John D. Johnson | Processing IPUMS-USA data for my income by gender and age RStudio Table Contest entry

Processing IPUMS-USA data for my income by gender and age RStudio Table Contest entry

Thu, Sep 24, 2020 2-minute read

The following R code processes 2014-18 ACS microdata retrieved from IPUMS-USA into the summary tables used to build my RStudio 2020 Table Contest entry. The output tables can be retrieved at these links:

# NOTE: I cannot provide the source data for this table myself.
# You must download it from IPUMS-USA https://usa.ipums.org/usa/index.shtml

if (!require("ipumsr")) stop("Reading IPUMS data into R requires the ipumsr package.
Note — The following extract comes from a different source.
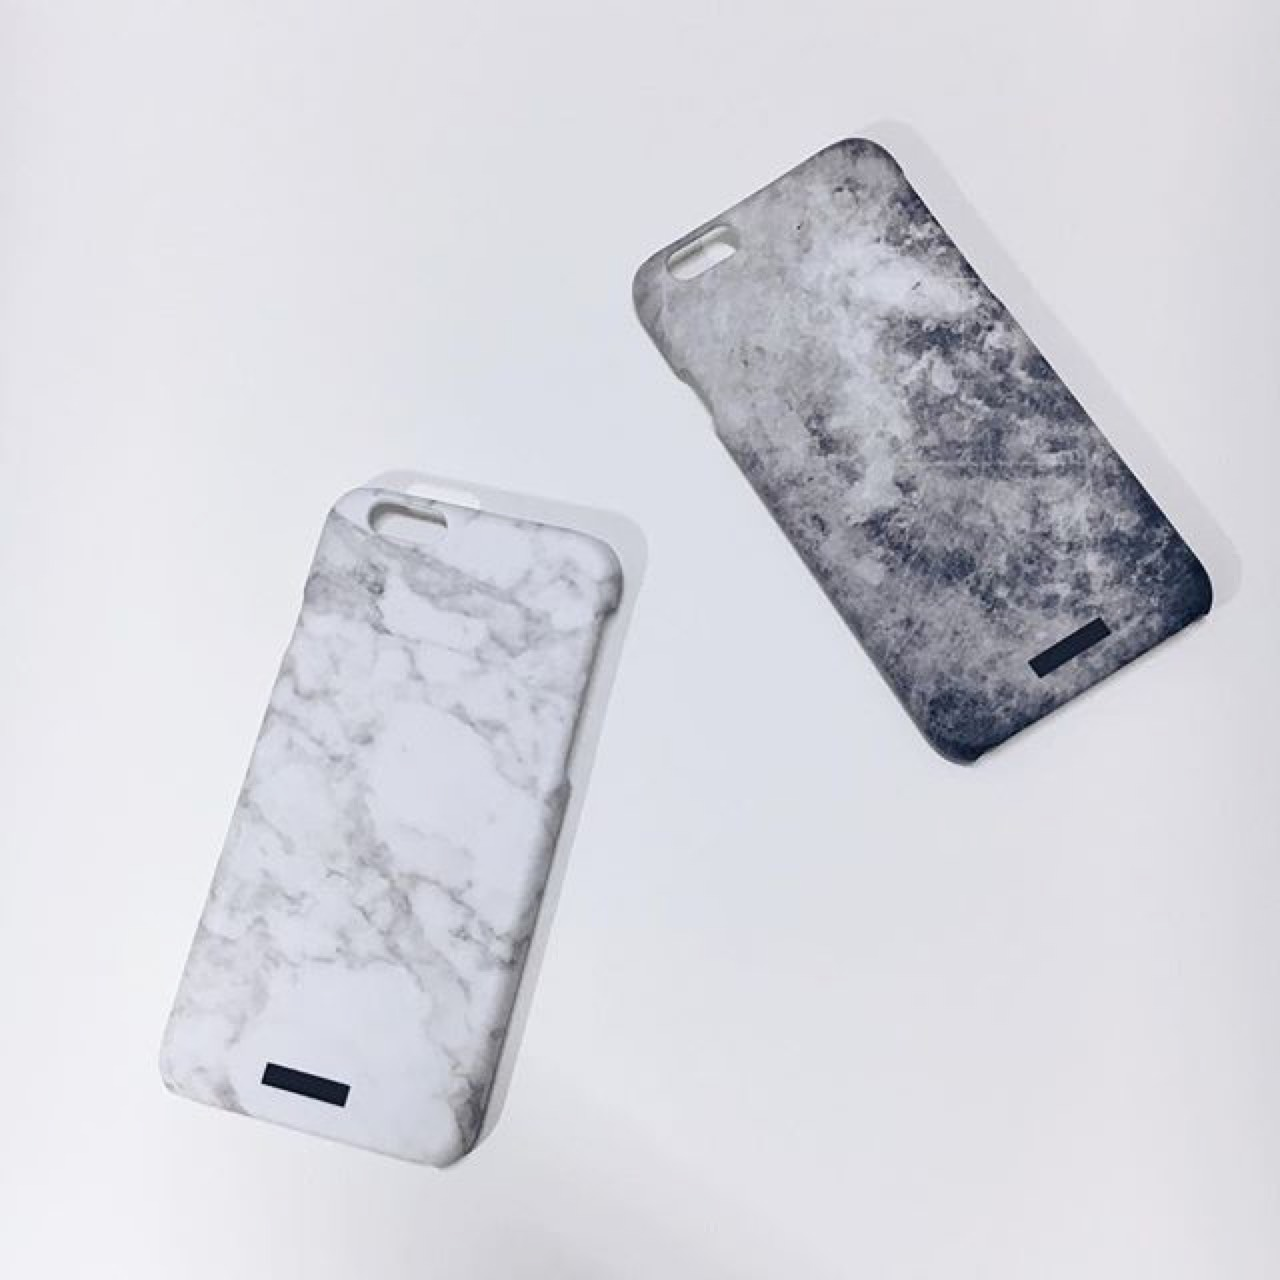 Case,material,case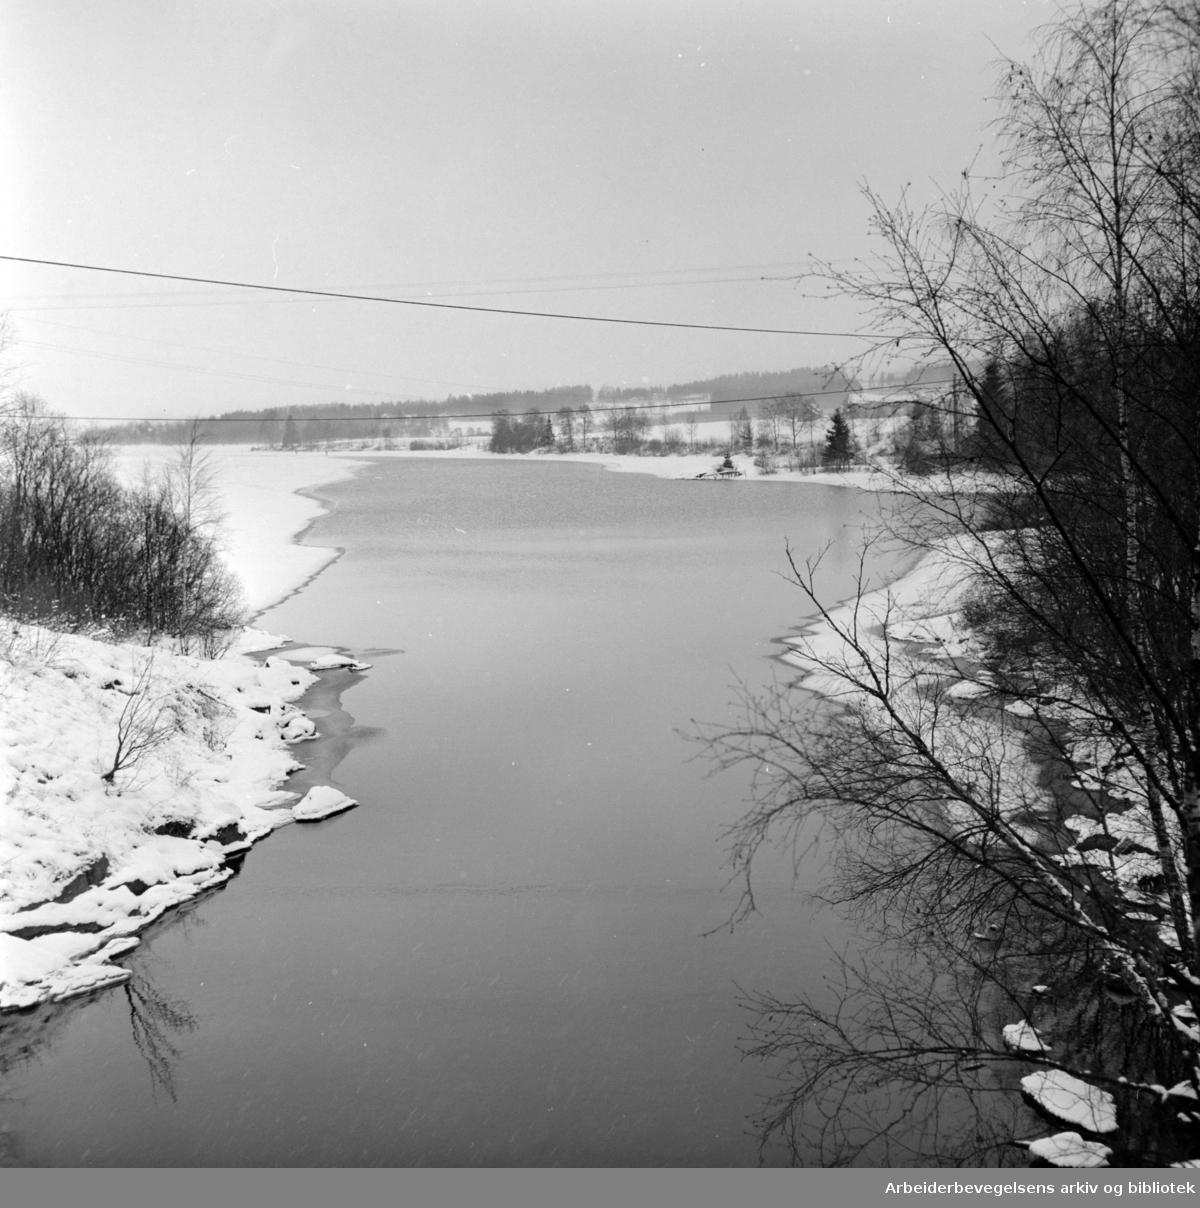 Maridalen: Maridalsvannet. Desember 1958

It can be installed using the following command: install.packages('ipumsr')")
library(tidyverse)
library(pollster)
library(labelled)

# This data was downloaded from IPUMS USA. It is the 2014-18 ACS microdata.
# The dataset is national, but it is filtered for people who are employed
ddi <- read_ipums_ddi("data/usa_00050.xml")
data <- read_ipums_micro(ddi)

fulltime <- data %>% 
  filter(UHRSWORK >= 37) %>%
  mutate(
    age_category = case_when(
      AGE < 35 ~ "Under 35",
      AGE %in% 35:49 ~ "35 to 50",
      AGE >= 50 ~ "50 plus"),
    age_category = factor(age_category,
                          levels = c("Under 35", "35 to 50", "50 plus")))

total.jobs <- topline(fulltime, OCC2010, PERWT)
top.jobs <- total.jobs %>%
  slice_max(Frequency, n = 20) %>% 
  mutate(Response = as.character(Response)) %>%
  pull(Response)

# fulltime workers in the top 20 occupations
fulltime.top.jobs <- fulltime %>%
  mutate(OCC2010 = to_character(OCC2010)) %>%
  filter(OCC2010 %in% top.jobs)

income.by.sex.age <- fulltime.top.jobs %>%
  mutate(SEX = to_factor(SEX)) %>%
  group_by(OCC2010, SEX, age_category) %>%
  summarise(median_wage = Hmisc::wtd.quantile(INCWAGE, weights = PERWT, probs = 0.5)) %>%
  ungroup()
income.by.sex.age

jobs.by.sex <- crosstab(fulltime.top.jobs, OCC2010, SEX, PERWT,
                        unwt_n = T, format = "long") %>%
  mutate(age_category = "total")

write_csv(income.by.sex.age, "data/income_by_sex_and_age.csv")
write_csv(jobs.by.sex, "data/total_jobs_by_sex.csv")